In response, on 13 December 2005, the Department of Defense published a fourteen-page dossier of unclassified documents arising from his Combatant Status Review Tribunal.

His Summary of Evidence memo was drafted on 10 November 2004.

The documents indicate a USAF Major, his Personal Representative, recorded on the detainee election form that they met
for half an hour on 17 November 2004 to discuss his upcoming Tribunal. His Personal Representative's notes state he chose not to attend his Tribunal.

Tribunal panel 21 convened 23 November 2004 and confirmed his "enemy combatant status".
The decision memo drafted by the Tribunal states it reached this conclusion based on classified evidence.
Unusually this Tribunal was not convened in Guantanamo, and the Personal Representative who met with him was not present. The Department of Defense has not offered an explanation as to why this Tribunal was not convened in Guantanamo.

His name is spelled both as "Abdul Al-Rahim Ghulam Rabbani" and "Abu Rahim Moulana Gulam Rabbani" in the document.

===Formerly secret Joint Task Force Guantanamo assessment===

On 25 April 2011, whistleblower organization WikiLeaks published formerly secret assessments drafted by Joint Task Force Guantanamo analysts.
His assessment was twelve pages long, and recommended his continued detention.
It was signed by camp commandant David M. Thomas Jr. and was dated 8 June 2008.
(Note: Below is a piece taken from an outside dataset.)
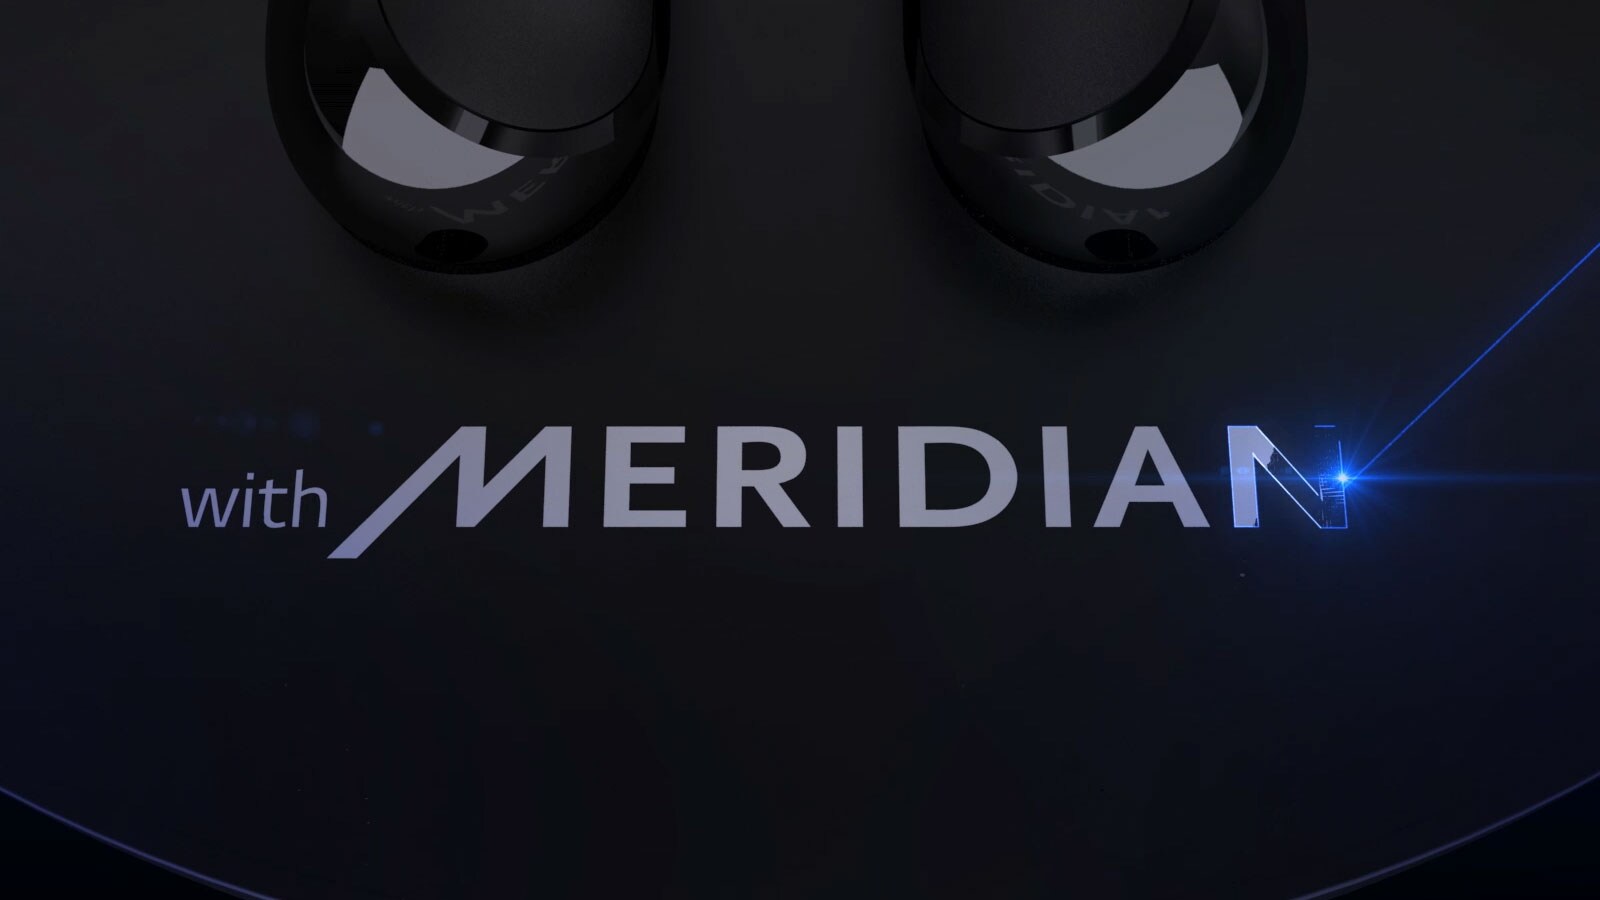 "with MERIDIAN" được chạm khắc bằng laser màu xanh.

==Joint Review Task Force==

When he assumed office in January 2009 President Barack Obama made a number of promises about the future of Guantanamo.
He promised the use of torture would cease at the camp. He promised to institute a new review system. That new review system was composed of officials from six departments, where the OARDEC reviews were conducted entirely by the Department of Defense. When it reported back, a year later, the Joint Review Task Force classified some individuals as too dangerous to be transferred from Guantanamo, even though there was no evidence to justify laying charges against them. On 9 April 2013, that document was made public after a Freedom of Information Act request.
Abdul Rahim Ghulam Rabbani was one of the 71 individuals deemed too innocent to charge, but too dangerous to release.
Although Obama promised that those deemed too innocent to charge, but too dangerous to release would start to receive reviews from a Periodic Review Board less than a quarter of men have received a review. Rabbani was approved for transfer on 13 May 2021.

==Hunger strike==
Rabbani and his brother participated in the hunger strike that started on 8 August 2005.

==Release==
Rabbani and his brother were transferred to Pakistan on 23 February 2023.

==Death==
Rabbani died of a stomach illness on 1 November 2024.